NSW Treasurer Daniel Mookhey fronted the inquiry last week.Credit: Sam Mooy
Despite the opposition to the changes, Treasurer Daniel Mookhey has repeatedly stressed that the government has so far only released an exposure bill and would take on board the findings of the one-day inquiry, which heard from almost 40 witnesses.
“The state needs to make a decisive shift towards fostering a culture of prevention,” Mookhey told the inquiry. “Us parliamentarians need to lead it.”
“Ultimately, the best workers’ compensation scheme is one no one ever needs to use. Until that is possible, I urge parliament to act to save the scheme we have and fight to stop people from being injured in the first place.”
Mental health compensation claims have doubled in the past six years, placing financial pressure on the state’s nominal insurer, icare. This will push insurance premiums up by 36 per cent over the three years from 2026, the government says.

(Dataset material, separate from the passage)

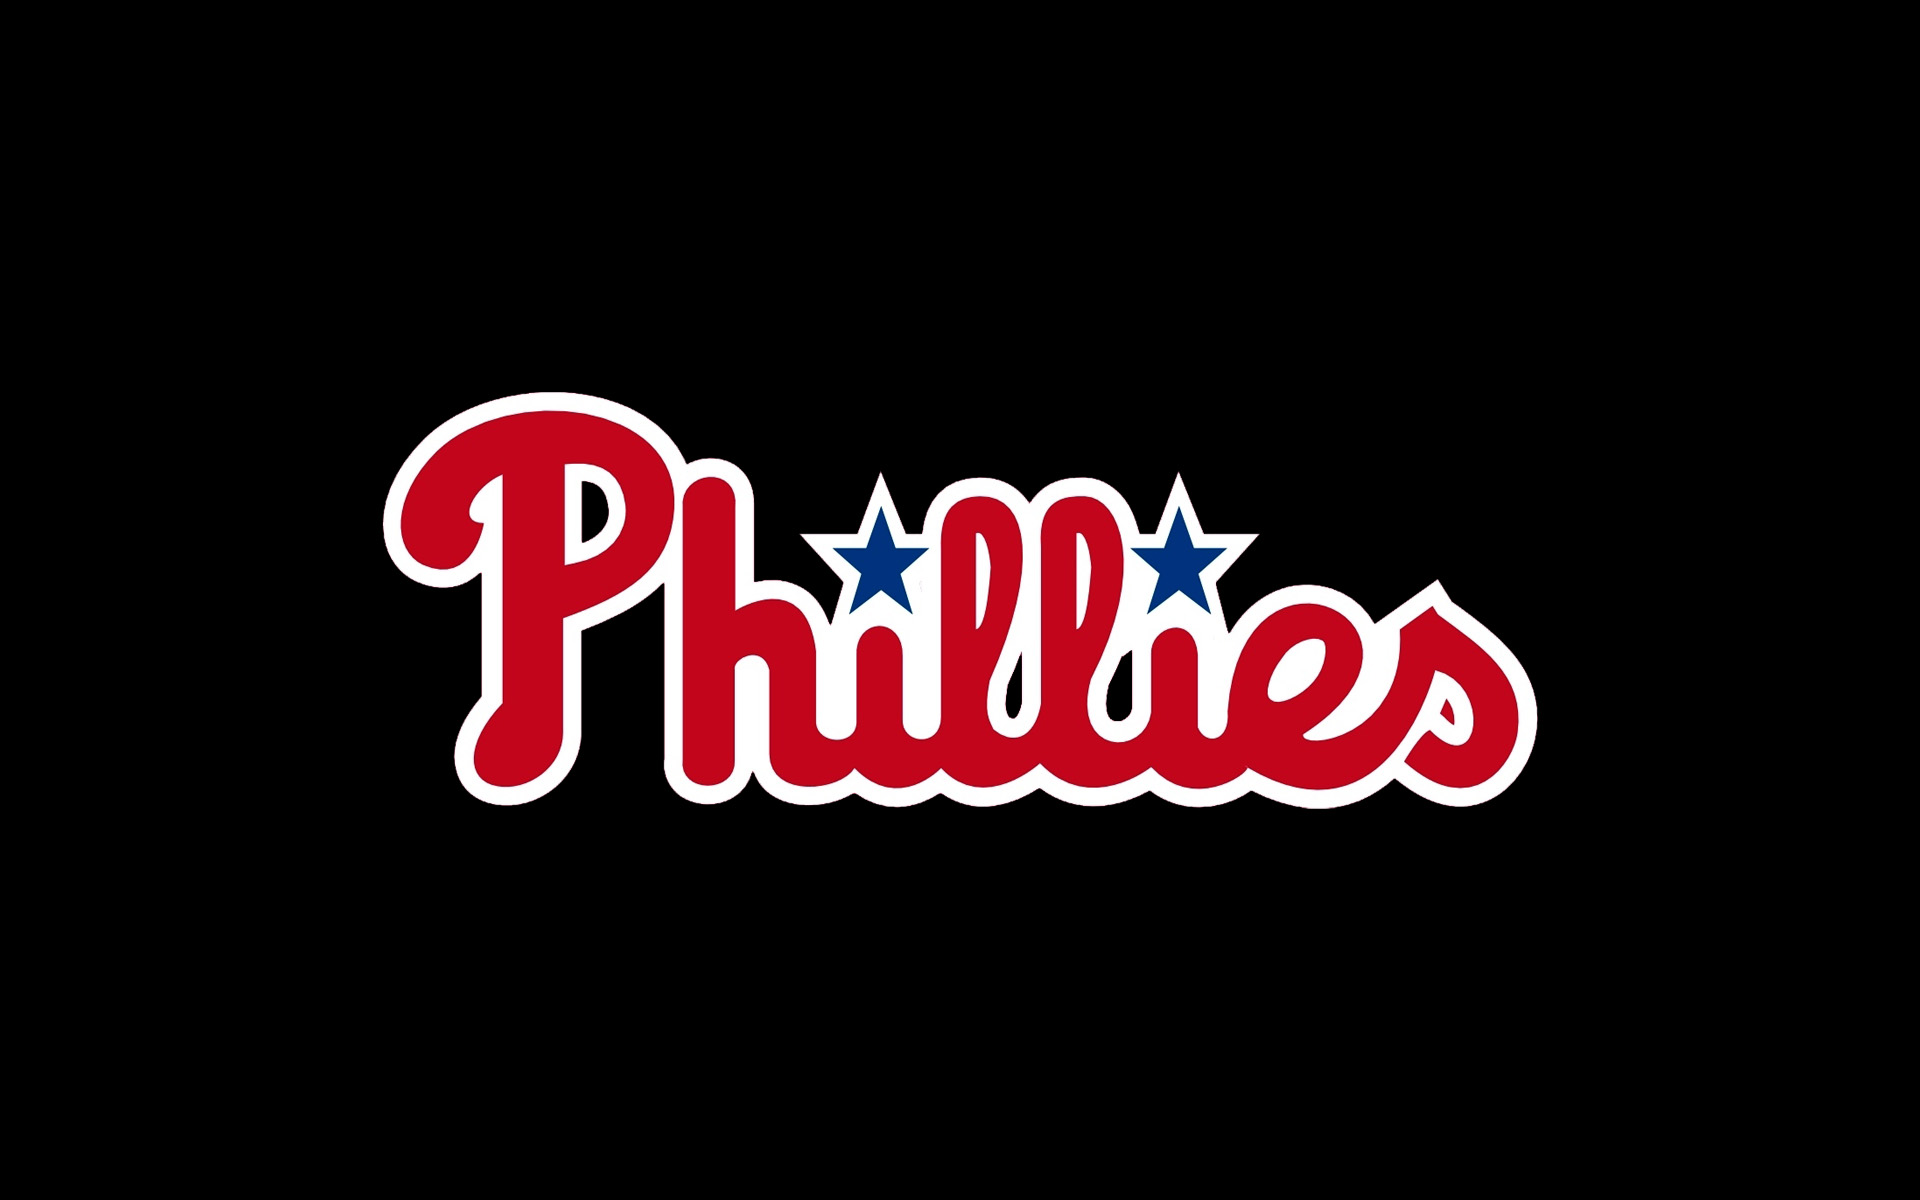 Phillies Logo Wallpaper images
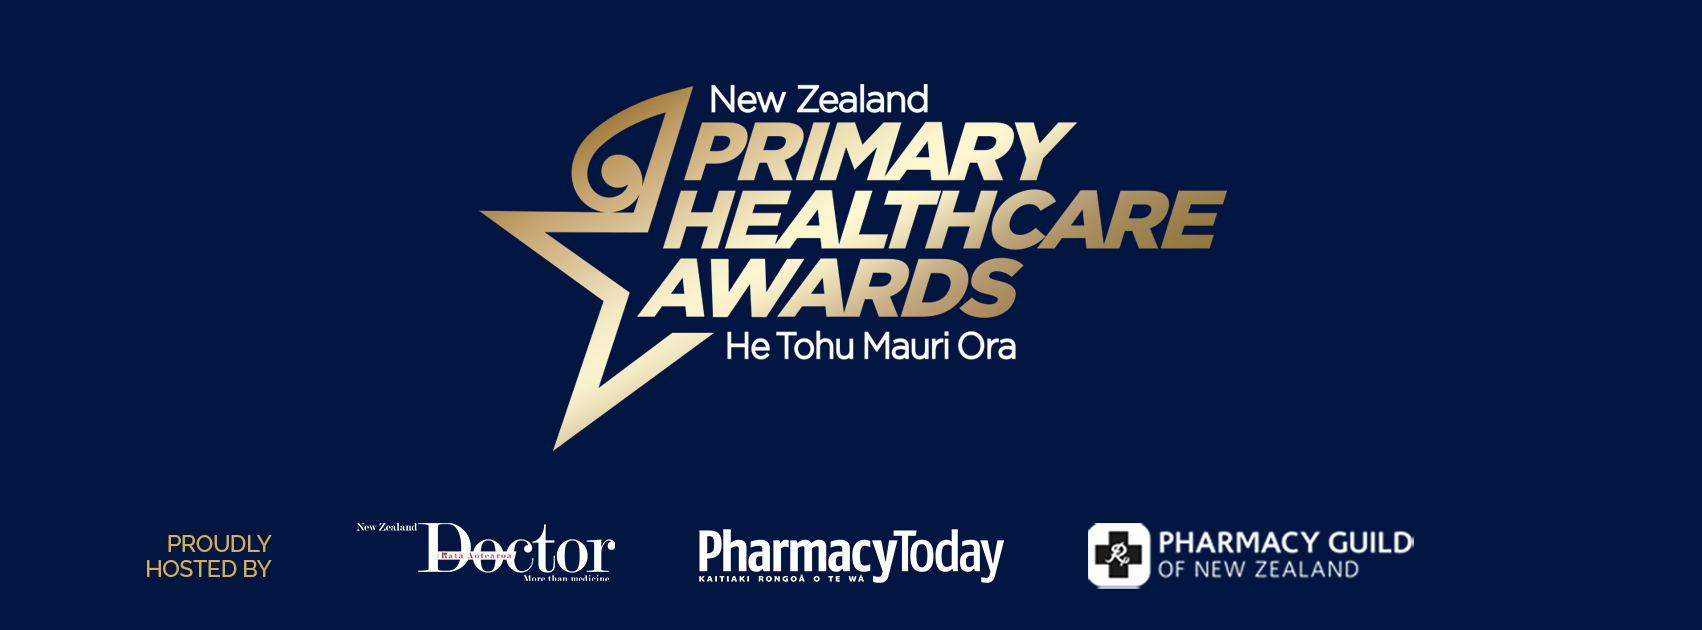 New Zealand Primary Healthcare Awards | He Tohu Mauri Ora 2020 header

The government says the changes – which would also lift the level of Whole Person Impairment needed to claim lump sum damages from employers for psychological injuries from 15 to 30 per cent, – are critical due to the rising number of mental health claims and falling return-to-work rates.
The inquiry’s 700-page report, tabled late on Friday, makes no specific recommendations other than to urge the “government take note of the evidence received throughout the course of the inquiry when preparing the final bill(s).”
Committee chair Labor MLC Greg Donnelly said there would “be critics of the report who will deride it as a tick-and-flick or rubber-stamp exercise”.
“The timeframe did not permit the committee to undertake detailed examination and analysis of the volume of evidence, let alone prepare thorough and considered commentary, findings and recommendations,” Donnelly’s foreword said.